Similarity Search

Similarity Search encompasses all tasks related with retrieving relevant data (documents, samples, observations, etc) given a query.

Suppose a user is asking how to use ShapeletsVecDB, and we encode this request in a 4-dimensional vector:

$$\begin{align*} \text{Natural Language:} & \,\, \text{how to use Shapelets in Python?} \\ \text{Text vector:} & \,\, \left[\text{how},\, \text{to},\, \text{use},\, \text{Shapelets},\, \text{in},\, \text{Pyton},\, \text{?}\right] \\ \text{Encoded Query:} & \,\, \left[22,\, 34,\, 1,\, 0\right] \end{align*}$$

Further assume that we have stored 3 vectors of documentation files in our ShapeletsVecDB instance:

$$\begin{align*} \text{Shapelets Engine:} & \,\, \left[1,\, 11,\, -56,\, 20\right] \\ \text{ShapeletsVecDB Python:} & \,\, \left[20,\, 29,\, 3,\, -2\right] \\ \text{Shapelets Data Apps:} & \,\, \left[120,\, 33,\, -17,\, 25\right] \end{align*}$$

We'd like to retrieve ShapeletsVecDB Python (the second vector) since it is the one more closely related with the initial request.

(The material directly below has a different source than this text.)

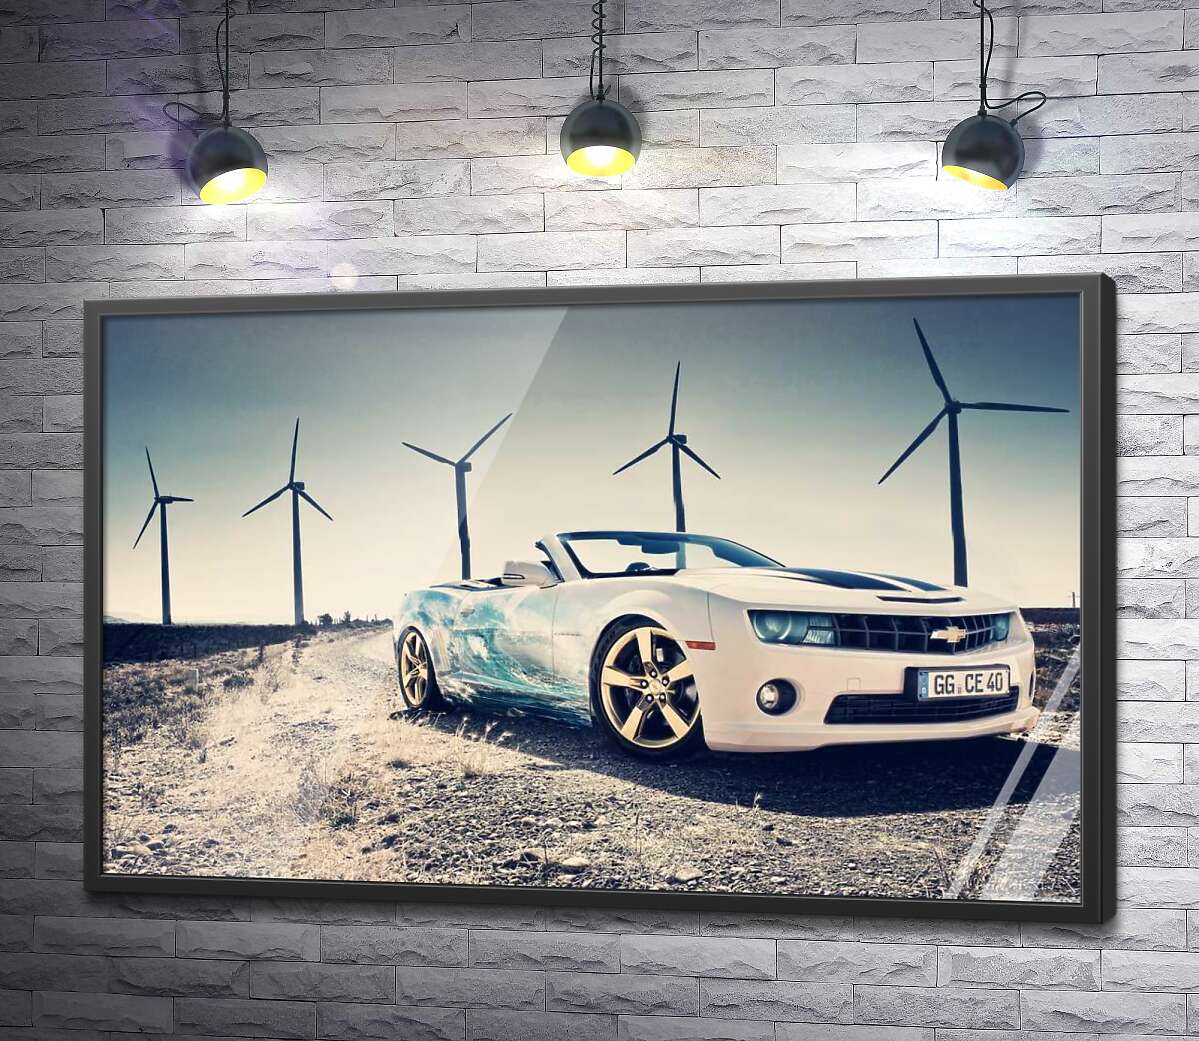 постер Белый автомобиль кабриолет Chevrolet Camaro на фоне ветряных электростанций

We can quantify how close two given vectors are with Statistical Distances. One of the most popular ones is the Euclidean Distance:

$$d(\textbf{x}, \textbf{y}) = \sqrt{\sum_{i=1}^n \left(x_i - y_i\right)^2}$$

Thus, we get:

$$\begin{align*} d\left(\text{Encoded Query, Shapelets Engine}\right) &= 67.97 \\ d\left(\text{Encoded Query, ShapeletsVecDB Python}\right) &= 6.08 \\ d\left(\text{Encoded Query, Shapelets Data Apps}\right) &= 102.74 \end{align*}$$

The minimum distance is 6, correspoding to the ShapeletsVecDB Python document, which means it is the closest vector to the query.

We would use this to either feed an LLM with relevant context or for any other retrieval task.